Renowned Romanian artist Adrian Ghenie is currently presenting two exhibitions at the Albertina and the Dresden Kupferstich-Kabinett. Working with a variety of materials and subjects, Ghenie explores the personal, the political, and the art historical, fusing these discourses into expressive abstract and figurative works of art across multiple mediums.
At the Albertina, Adrian Ghenie pays homage to the Austrian Expressionist artist Egon Schiele, in the exhibition Shadow Paintings from 11 October 2024 to 2 March 2025. Working with photograph reproductions of Schiele’s lost paintings, Ghenie experiments in his “shadow paintings” with the deformation of human anatomy, much like Schiele’s own practice. Ghenie commented, “Once you leave the traditional constraints of anatomy behind, the way you deform can become a portrait of character or the inner psyche on a deeper level. This play with the human form marked the beginning of something new.” These deformations and mutations point to the “dark night of the soul”, and the state in which individuals confront their “inner shadows.” However, borrowing from the compositions and forms of Schiele’s original, but reddening his works beyond the mere distortion, Ghenie creates elements onto the bodies that are both grotesque and visceral, yet abstract at the same time; he transforms them into beings that are barely recognizable as human, conjuring a sense of the metaphysical and challenging boundaries of reality, pointing to a mental state in which constructions around identity, sexuality, existence, and life and death can be explored.

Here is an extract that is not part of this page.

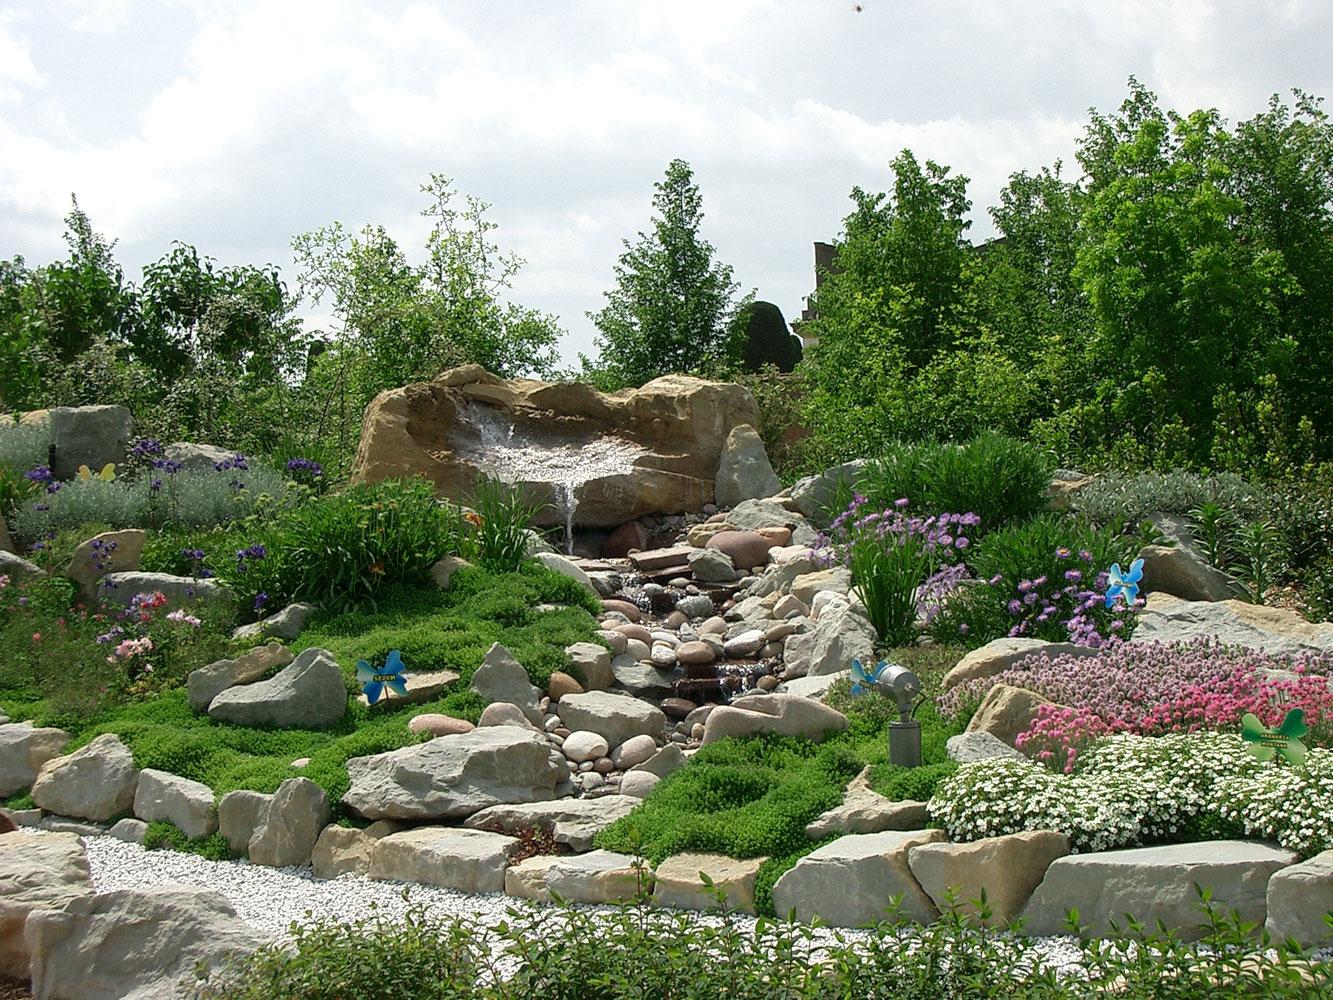 La montagna il giardino degli angeli - Il giardino degli angeli ...

The Dresden Kupferstich-Kabinett, Battleground Studio: Works on Paper, from 13 December 2024 to 16 March 2025, presents Ghenie’s collages and drawings from the past 20 years of his career. These works reveal the artist’s earlier experiments and artistic trajectory, especially reflecting on the catastrophic events of the 20th century, which the artist called “an era of humiliation”: dictatorships rose to power and individual freedom was under threat. Alluding to these themes, the artist fragments the human body in photography and portraits from art historical traditions, such as Degenerate Art, made in 2014; this technique is inspired by Frances Bacon and Willem De Kooning. In this collage, Ghenie reassembled these images into a vibrant conglomerate of body parts; yet individual pieces remain anonymous and unidentifiable, pointing to the erasure of individual identity. The struggle for identity continues in his recent practice, in which he reflects on the omnipresence of digital media and its impact on the individual, depicting exaggerated and entangled anatomy on charcoal drawings.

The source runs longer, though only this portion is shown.